Dans son discours d’ouverture, le président kenyan Uhuru Kenyatta a déclaré qu’un secteur agricole dynamique était essentiel pour assurer le renouveau socio-économique sur le continent africain.
« L’agriculture offre une source d’emplois décents et de revenus pour des catégories démographiques essentielles comme les femmes et les jeunes. Ce secteur est onze fois plus efficace pour réduire la pauvreté », a lancé M. Kenyatta.

Des milliers de délégués de gouvernement, de l’industrie, des milieux académiques et de la société civile assistent actuellement au forum du 5 au 9 septembre.
Ce forum de haut niveau a pour but de discuter et d’adopter des déclarations globales pour favoriser le programme de sécurité alimentaire en Afrique.

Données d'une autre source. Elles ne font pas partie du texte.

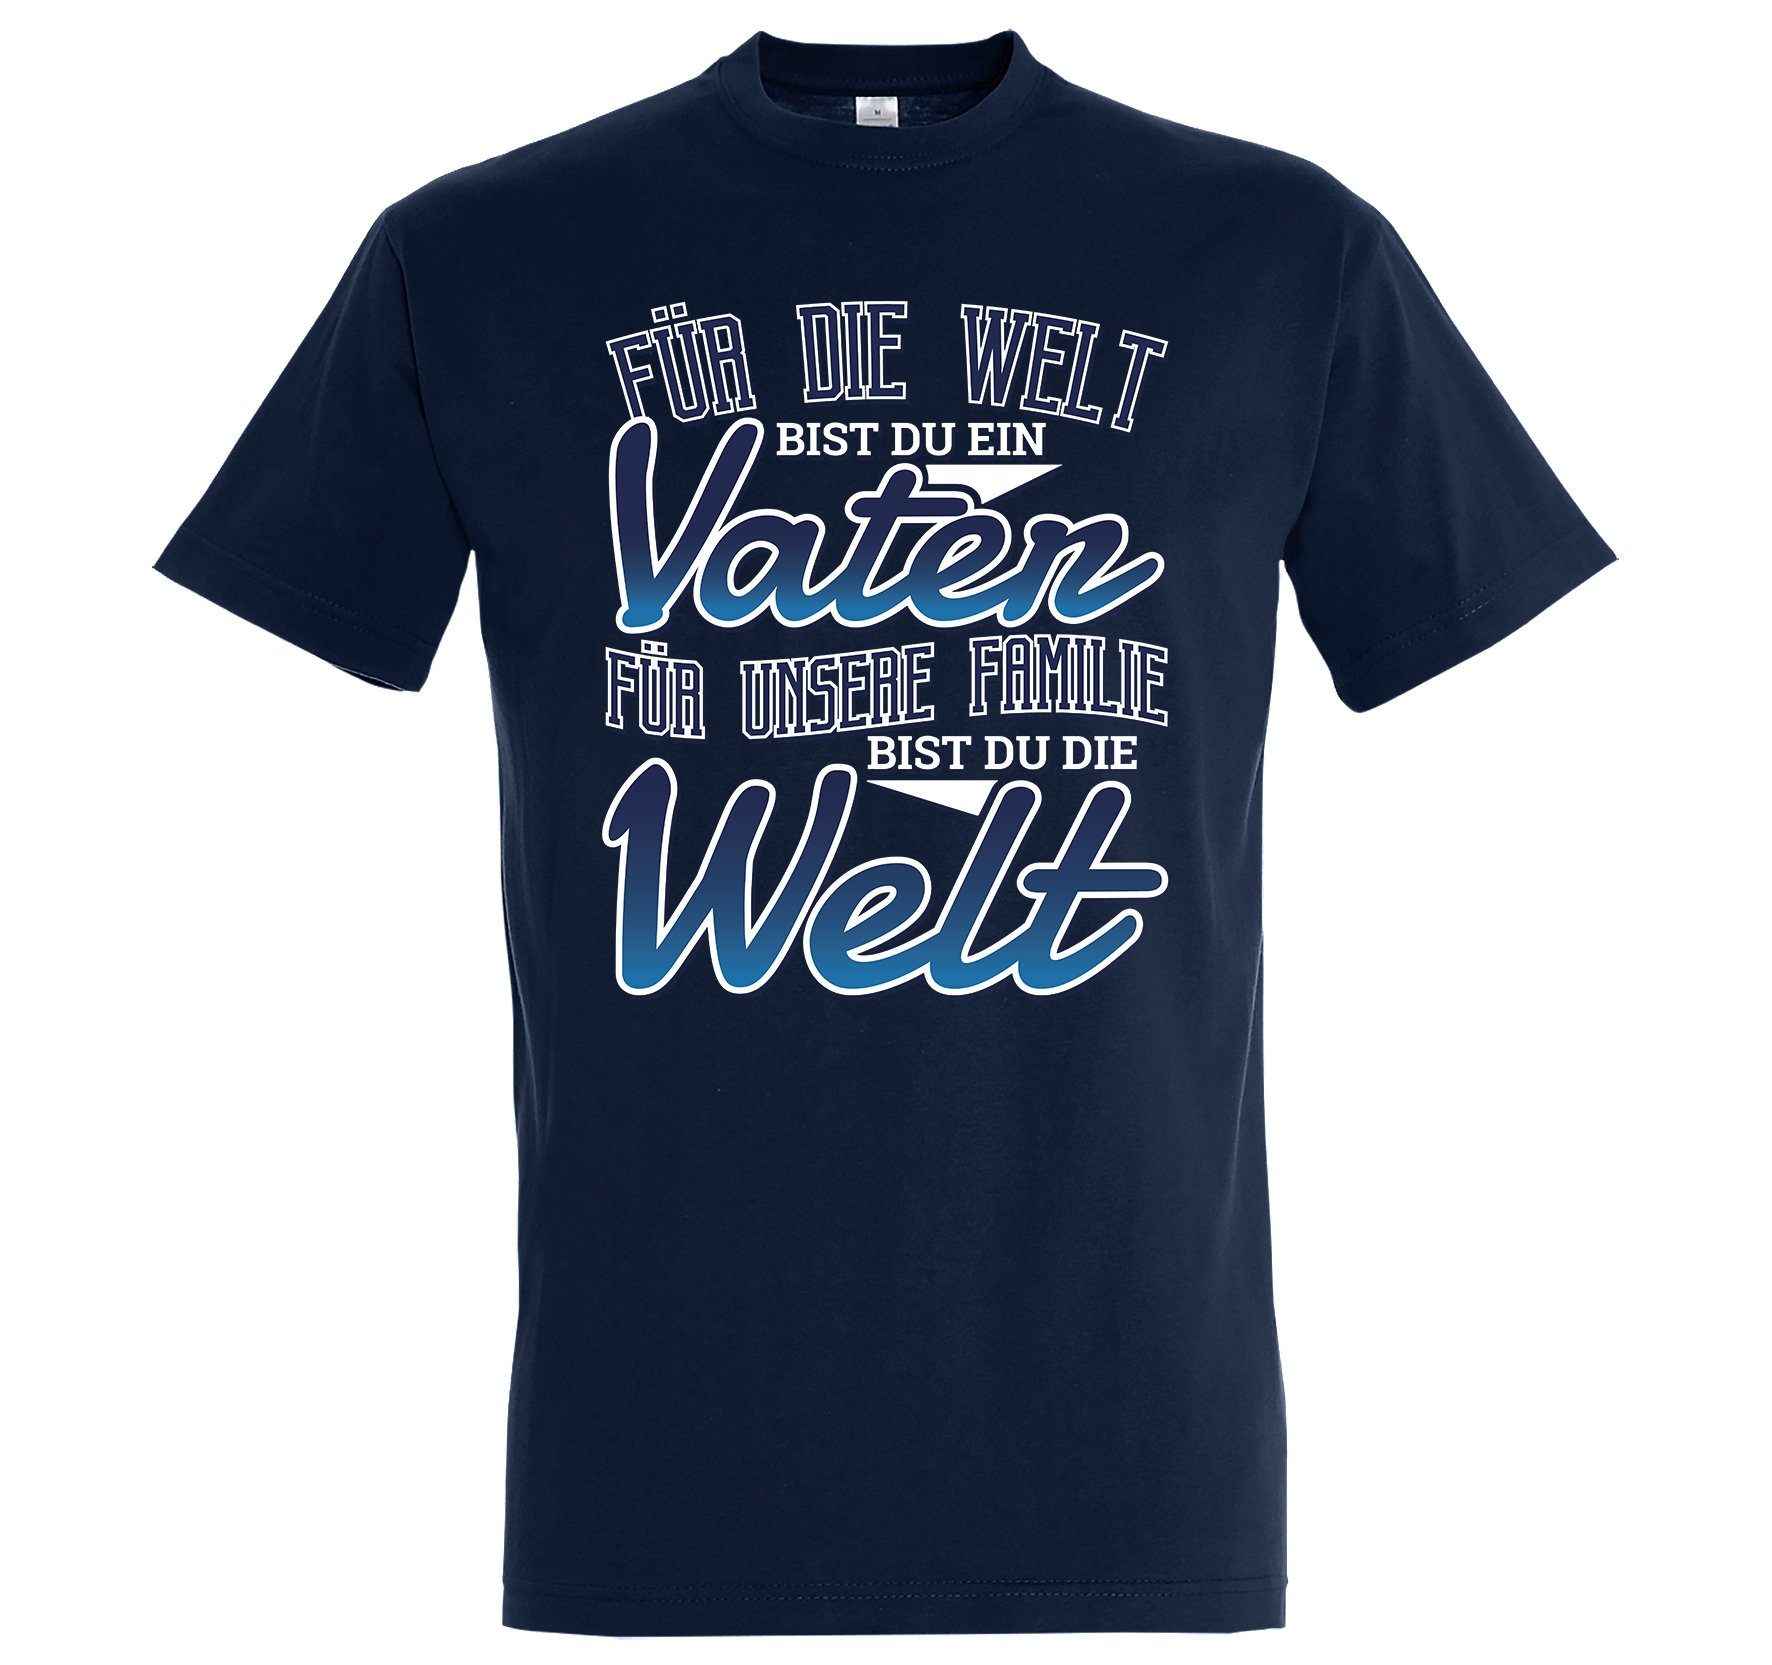 Youth Designz Print-Shirt "Für Unsere Familie Bist Du Die Welt" Herren T-Shirt mit lustigem Spruch Navy Blau

Des partenariats solides sont impératifs pour renforcer la capacité des pays d’Afrique à mettre en œuvre des mécanismes continentaux afin de favoriser la transformation agricole, a indiqué M. Kenyatta.
Le président a cité en particulier la mise en œuvre rapide de la déclaration de Malabo adoptée en 2014 par les dirigeants africains pour révolutionner l’agriculture et renforcer la sécurité alimentaire et les revenus ruraux.
« À Malabo, nous nous sommes engagés à doubler le niveau de productivité de l’agriculture d’ici 2025 pour en faire une industrie de plusieurs milliards de dollars. Par conséquent, nous devons intégrer une vision continentale de la transformation agricole dans nos politiques nationales », a souligné M. Kenyatta.
Le dirigeant kenyan a révélé que son gouvernement investirait 200 millions de dollars dans les cinq prochaines années pour permettre aux jeunes agriculteurs d’accéder aux financements, aux facteurs de production et aux marchés.
« Ce nouveau financement favorisera également la création de valeur ajoutée et la transformation agro-alimentaire », a fait savoir M. Kenyatta.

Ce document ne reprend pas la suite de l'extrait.